# Lela passed last night



## Nancy McClelland

Lela, our first Great Dane passed to the bridge last night. Been expecting it for awhile now as she was pretty feeble compared to how she used to be when we got her, 14 years ago. For a Dane, she was ancient and outlived two of our other canines, but, all things to come to an end time. Tempus fugit, memento mori! Fry and Bender are doing great even though Bender was a little whiny last night at first. See you on the other side my big girl.:rip:


----------



## Lokin4AReason

sorry for your lose and condolence(s) 

RIP little one and you may binky away w/ the rest of OUR loved one(s) ..


----------



## DjulezTomAndFranky

RIP Dear Lela.

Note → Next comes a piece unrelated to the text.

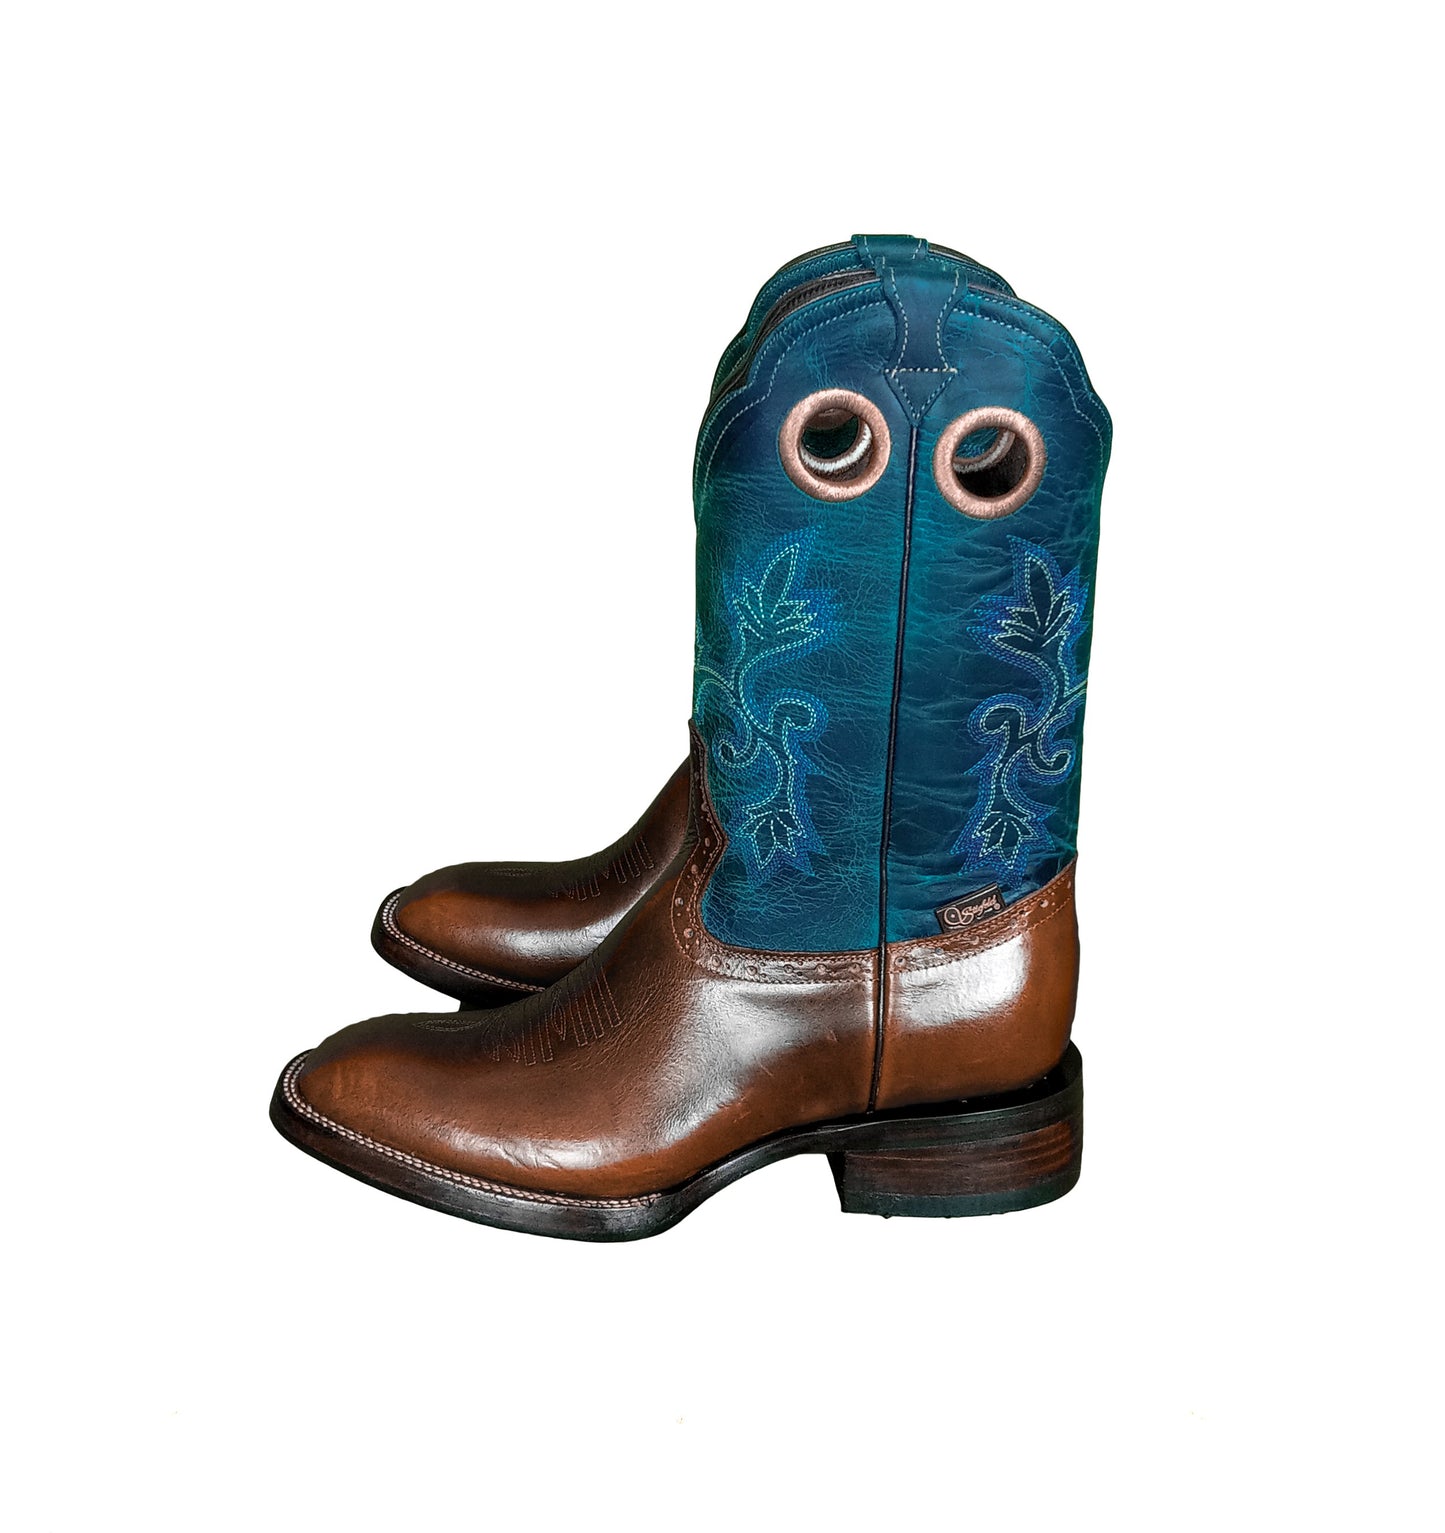 The Theodore Boot

Binky on!


----------



## pani

Rest in peace, Lela. ray:


----------



## Azerane

Awww no  I'm very sorry for your loss. You're right, 14 is ancient for a Dane, what a happy life it must have been


----------



## lovelops

I'm so sorry.... hang in there. I understand how you feel...


Vanessa


----------



## Ana_The_Dreamer

Aww  I'm sorry to hear that! 14 years is a long, happy life. I'm so glad you were able to spend it with her. RIP Lela. ray:


----------



## Nancy McClelland

Well, old girl, it's been a year since you left. Still do miss you and Amy but Fry and Bender make up for it by being even bigger pests, especially the bigger part. You were our very first Great Dane, and now we have 2 more as we definitely love the breed even though you all think of yourselves as lap dogs. Rest in peace my old girl.


----------



## Ivythelionhead

I'm sorry for your loss, goodbye sweet Lela.


----------



## Nancy McClelland

2 Years already--still miss you and you'll always be our little dog--rest in peace my sweet girl.


----------



## Nancy McClelland

Missed this one last year, sorry sweet heart. She was a great canine and was more like a Terrier than a Dane. Funniest thing was when she got hold of the rope from my extension ladder and would hang in the air shaking it and twisting all around. Never expected to see a big dog doing that. Miss you a lot.


----------



## Nancy McClelland

5 years already sweety--still miss you a heck of a lot. You were a heck of a dog and we all miss you.


----------



## Nancy McClelland

6 years already--doesn't seem like it could be that long. You'll always be a puppy to me sweety and we do so miss you. Til next year.


----------



## Nancy McClelland

Hi my sweet little girl, still miss you a lot. You were with us for a long time, but, it's never long enough--til next year, rest easy.


----------